The news release announcing the deal implicates House Speaker Michael Madigan.

‘This is not going to be a school semester like any other.’ Gov. Pritzker is warning parents to prepare for an unprecedented fall in the face of the pandemic.

Pritzker’s suing to ensure Illinois schools require kids, teachers and staff to wear masks. (Cartoon: Keith J. Taylor.)

Who’s masked? The New York Times has graphed the odds across the U.S. of meeting five people in random encounters, all of them with faces covered.
ProPublica: Hospitals are running short of young doctors because of President Trump’s June proclamation barring the entry of most immigrants on work visas.
USA Today says it screwed up by soliciting and publishing a column from presidential trade adviser Peter Navarro, who accused Dr. Anthony Fauci of being “wrong about everything I interacted with him on.”

[Buzzer sounds.] Vacuous ex-game show host Chuck Woolery has deactivated his Twitter account after his son contracted COVID-19, about which Woolery had previously tweeted that “everyone is lying.”
NPR is under fire from its own public editor for a decision to let U.S. Attorney General Bill Barr lie on the air, unchallenged.

‘Speaking of our children,
They are pawns in a great fight —
This battle for our culture
And by our I should say white.’
The Tribune’s Mary Schmich shares a new TrumPoem.
After White House press secretary Kayleigh McEnany condemned Mayor Lightfoot as “derelict” for not groveling to the president seeking help to fight crime in Chicago, the mayor stung back on Twitter with an epithet that invokes white women abusing privilege.
The Conversation: How Jesus got to be white. (Including the word of the day: Syncretism.)

Finally. Seven years after Divvy rental bikes arrived on Chicago’s streets, Chicago’s Far South Side is getting some …
 … as part of a plan to expand Divvy citywide by 2021.
The U.S. Consumer Financial Protection Bureau is suing Chicago-based mortgage lender Townstone Financial, accusing it of discouraging prospective Black applicants from applying for home loans.

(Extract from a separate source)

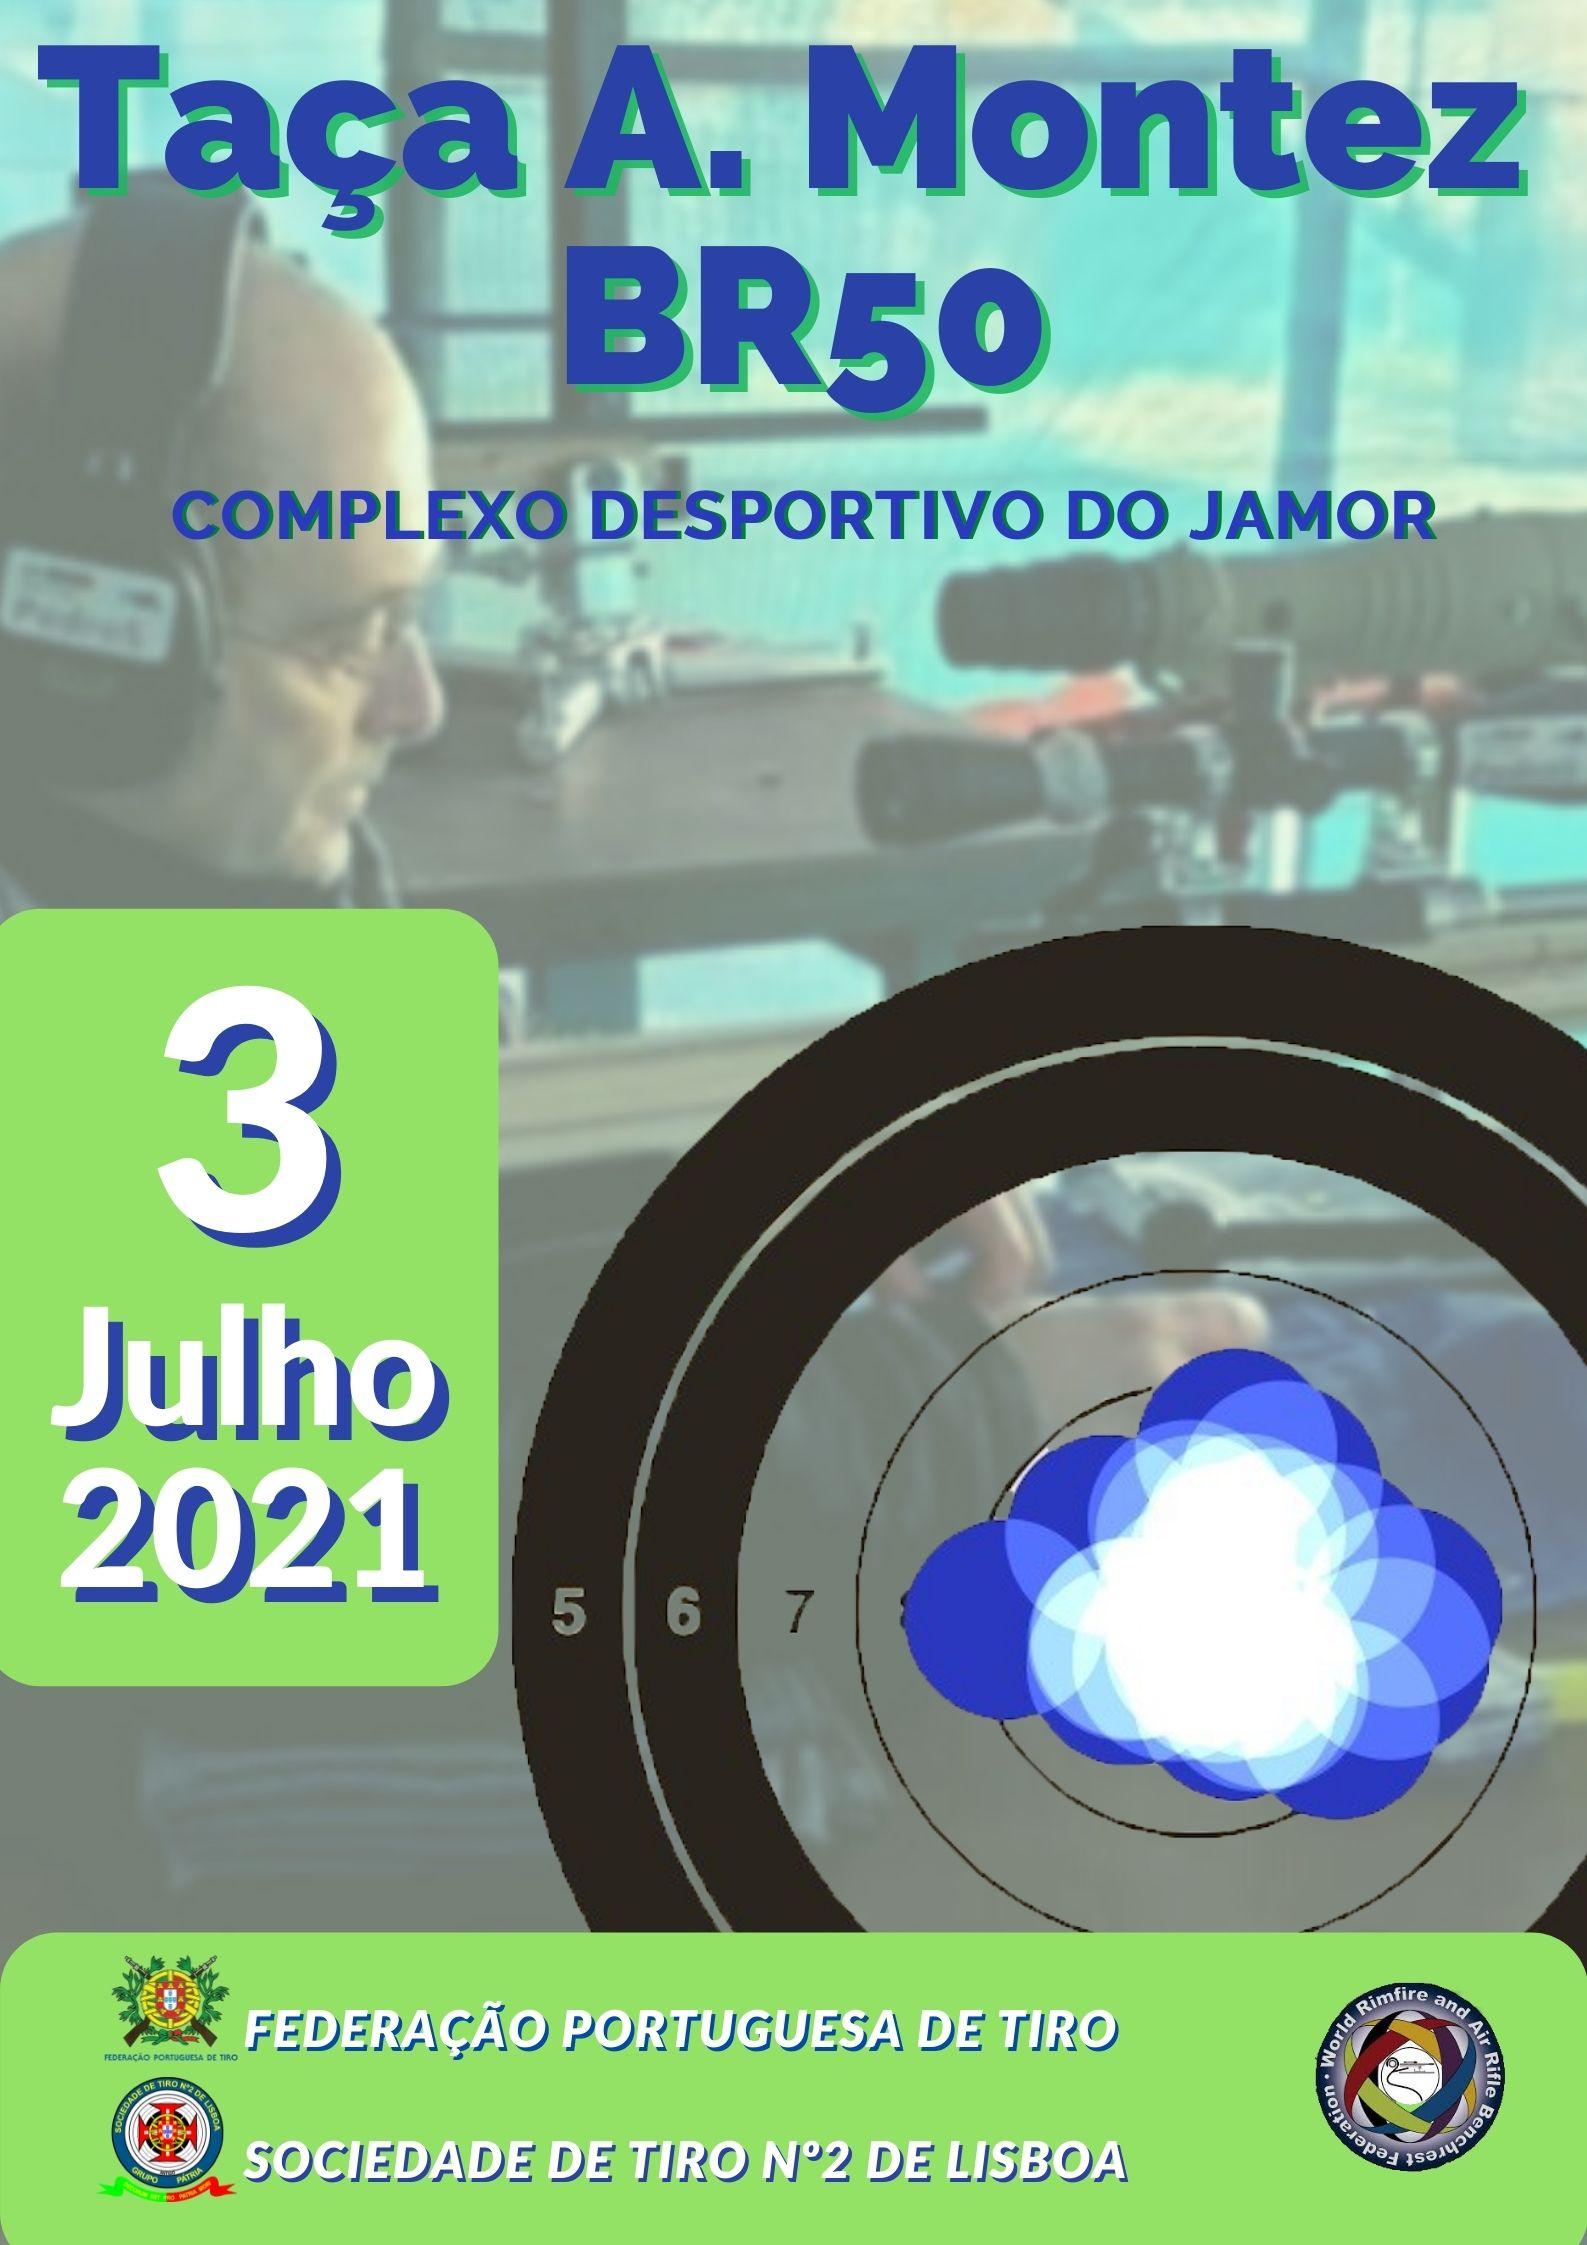 Taça A. Montez BR50 2021
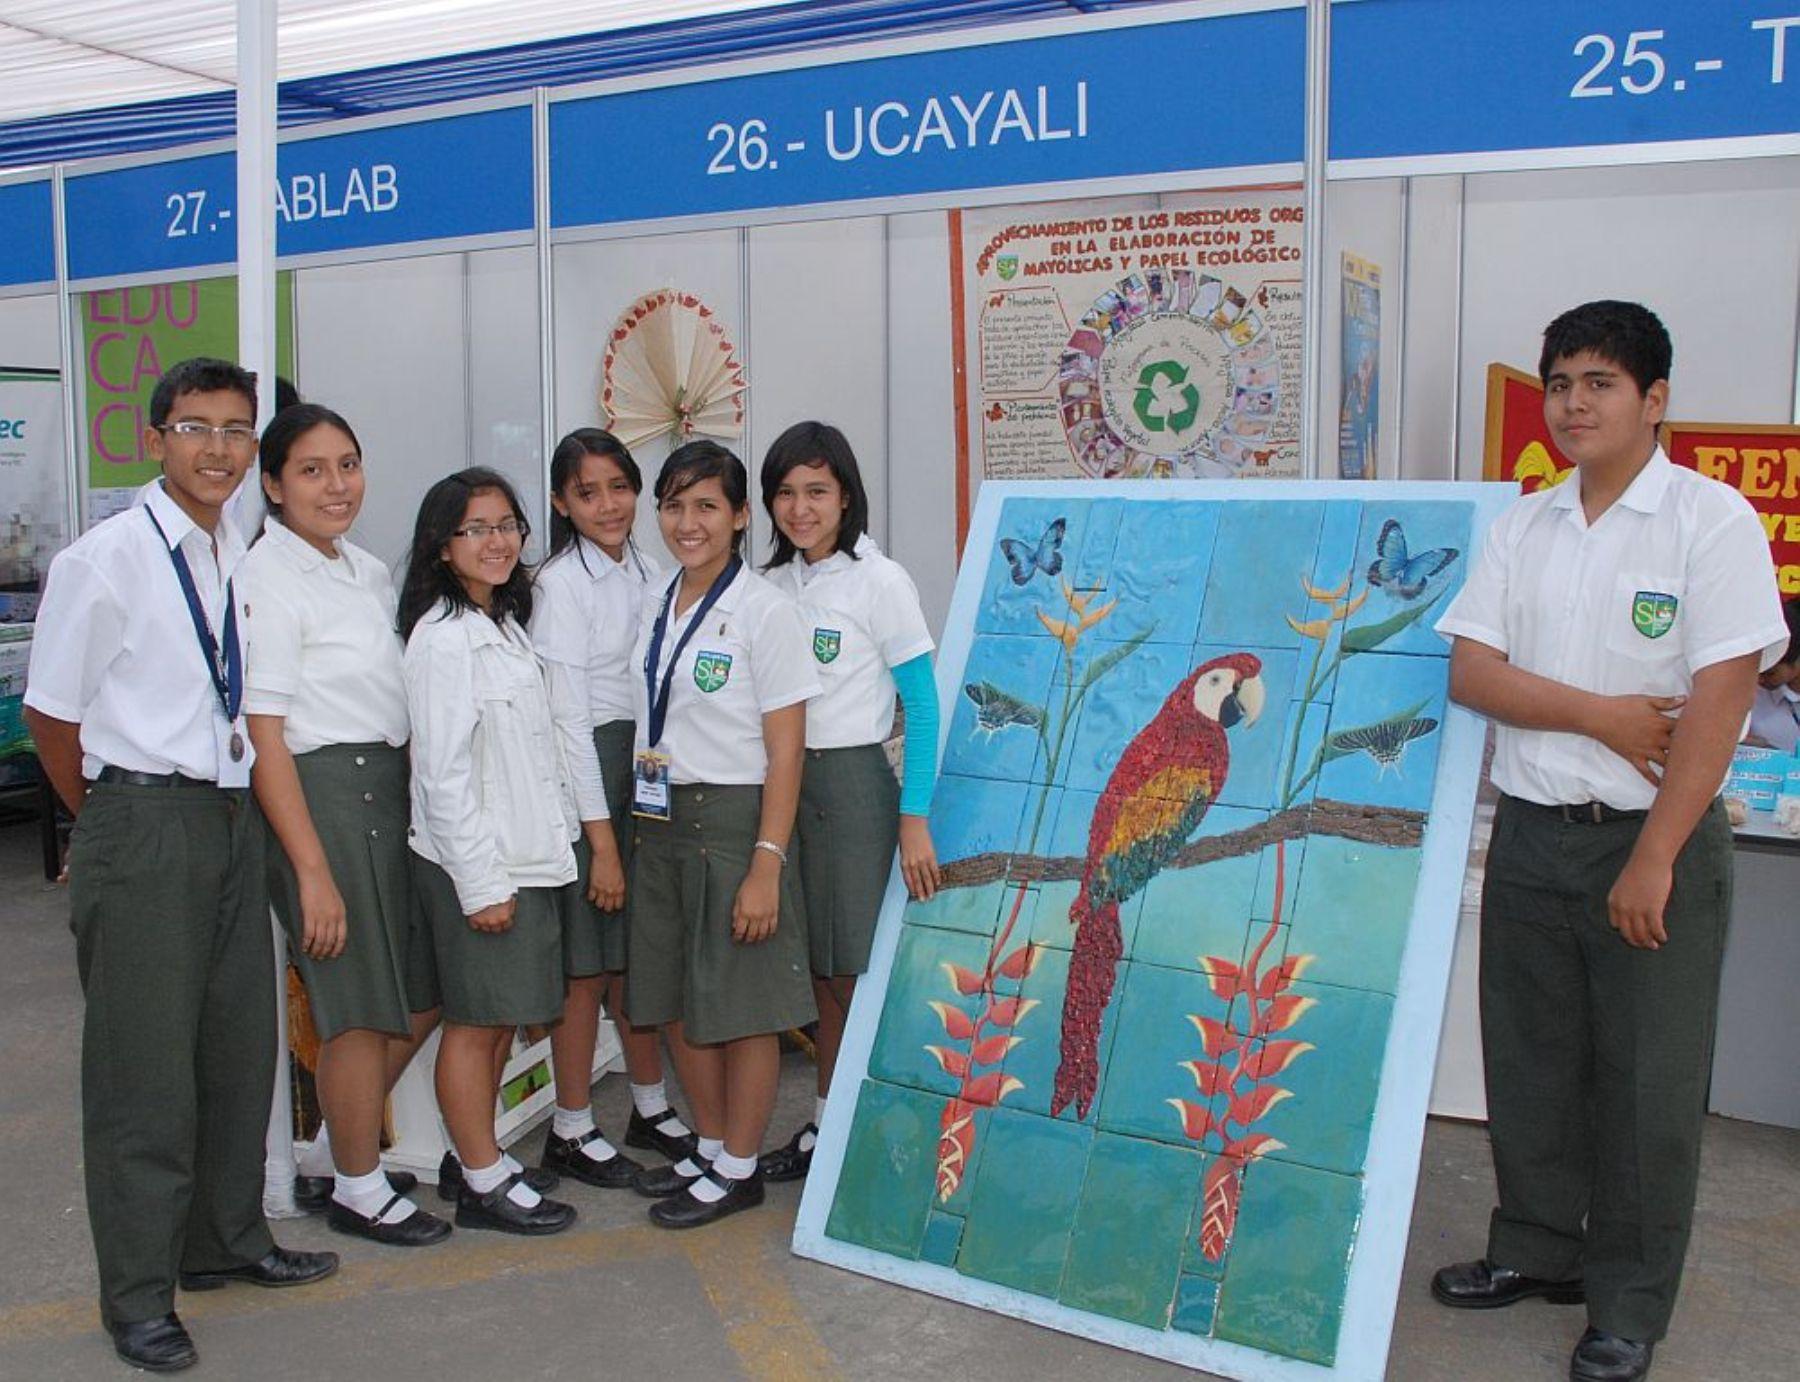 Escolares de Ucayali compiten en feria científica y tecnológica en Brasil. Foto: Concytec.

‘We’re excited to bring Rainbow to the people.’ Chicago’s beloved Rainbow Cone is serving its multihued ice cream treats in a roving truck that you can follow on Instagram.
The Museum of Science and Industry reopens Aug. 1, with free admission for two weeks.

‘No one loves Westfield Old Orchard like former Johnny Rockets employee Esther Povitsky.’ The Tribune talks to Skokie-raised comedian Povitsky about her Comedy Central special debuting tonight at 10 …
 … parts of which were recorded in the suburbs.
The Sun-Times’ Richard Roeper calls it “brilliant.”

Your day, please. Filmmakers Ridley Scott and Kevin Macdonald are inviting the people of earth to video-record themselves next Saturday, July 25, for “a time capsule for the ages,” a documentary sequel to their 2010 work, Life in a Day.
Here are the submission guidelines.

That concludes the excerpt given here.